OnRelay today announced its support of an open source platform to provide low-cost business telephony with mobile extensions.

OnRelay’s Hosted MBX with sipXecs allows businesses to deploy a mobile office communication system (mobile PBX) with no additional investment in infrastructure: no desk phones, proprietary PBXs or cabling. With MBX the mobile phone is the only “desk phone” employees require.

Today’s open source announcement opens the benefits of OnRelay Hosted MBX to the small to medium enterprise (SME) market. By choosing the leading open source PBX sipXecs, OnRelay can offer a plug and play office communication system at a SME segment price-point.

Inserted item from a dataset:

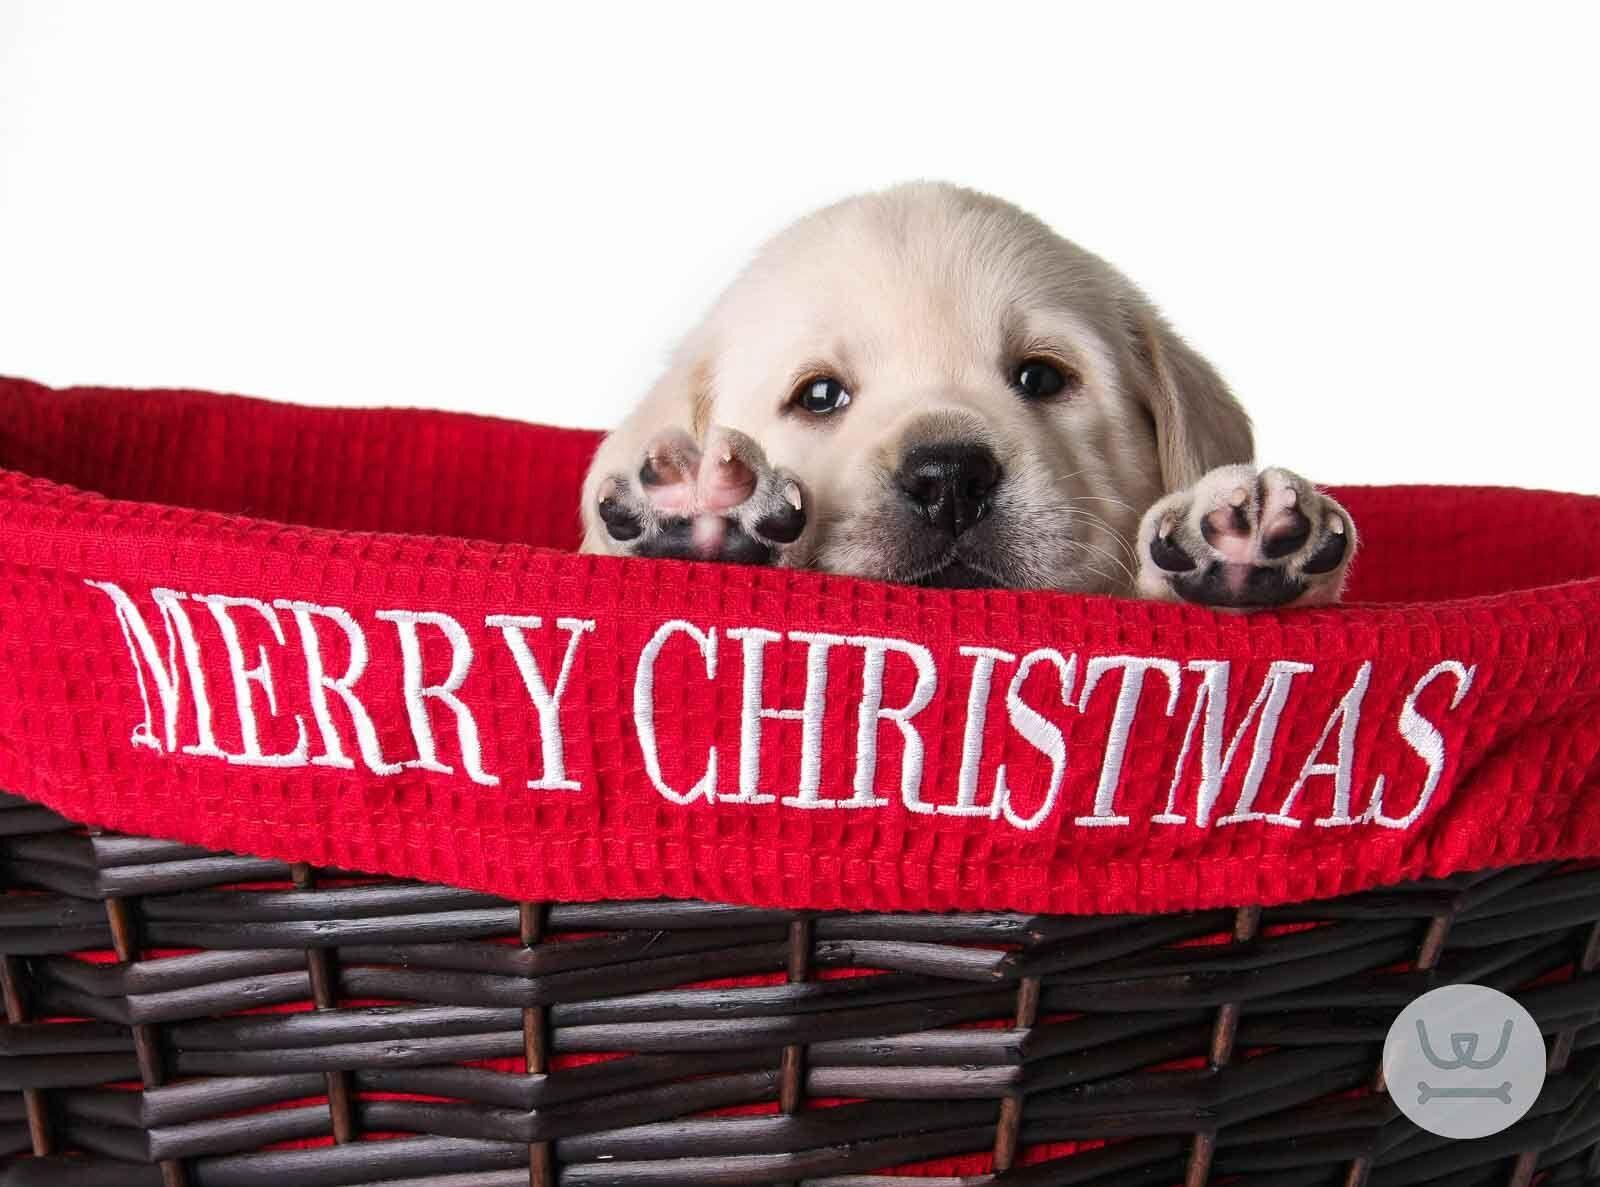 woofland - ένα κουταβάκι για τα Χριστούγεννα

“OnRelay’s support of open source means that SMEs can benefit from the flexibility and features of a fully fledged mobile PBX,” notes CEO, Ivar Plahte. “Other hosted PBX alternatives such as Centrex take an over simplified, cookie-cutter approach to enterprise telephony. They fail to offer the rich functionality SMEs require in today’s converging world. Open source brings feature richness and internet-level scalability to OnRelay’s mobile PBX platform.”

According to Ovum’s practice leader for mobile, Jeremy Green, "Hitherto many SMEs have been reluctant to consider mobile-only strategy for telephone extensions, because they've been concerned that the functionality of existing PBX add-ons and hosted platforms didn't offer them the controls and tools that they needed. New developments in this market mean that mobile-only strategy is worth a second look."

SipXecs is a stable and scalable voice over IP (VoIP) open source system built for enterprise users. Based entirely on the Session Initiation Protocol (SIP) standard, sipXecs brings an extensive feature set to OnRelay MBX, including active directory integration, presence and Microsoft exchange support. SipXecs uses internet techniques and a distributed architecture to ensure a highly secure IP voice system.

OnRelay say their Hosted MBX with sipXecs is targeted particularly well to the next generation of telecom providers and that by lowering the cost of entry it allows innovative players to host enterprise-class telephony for the SME market.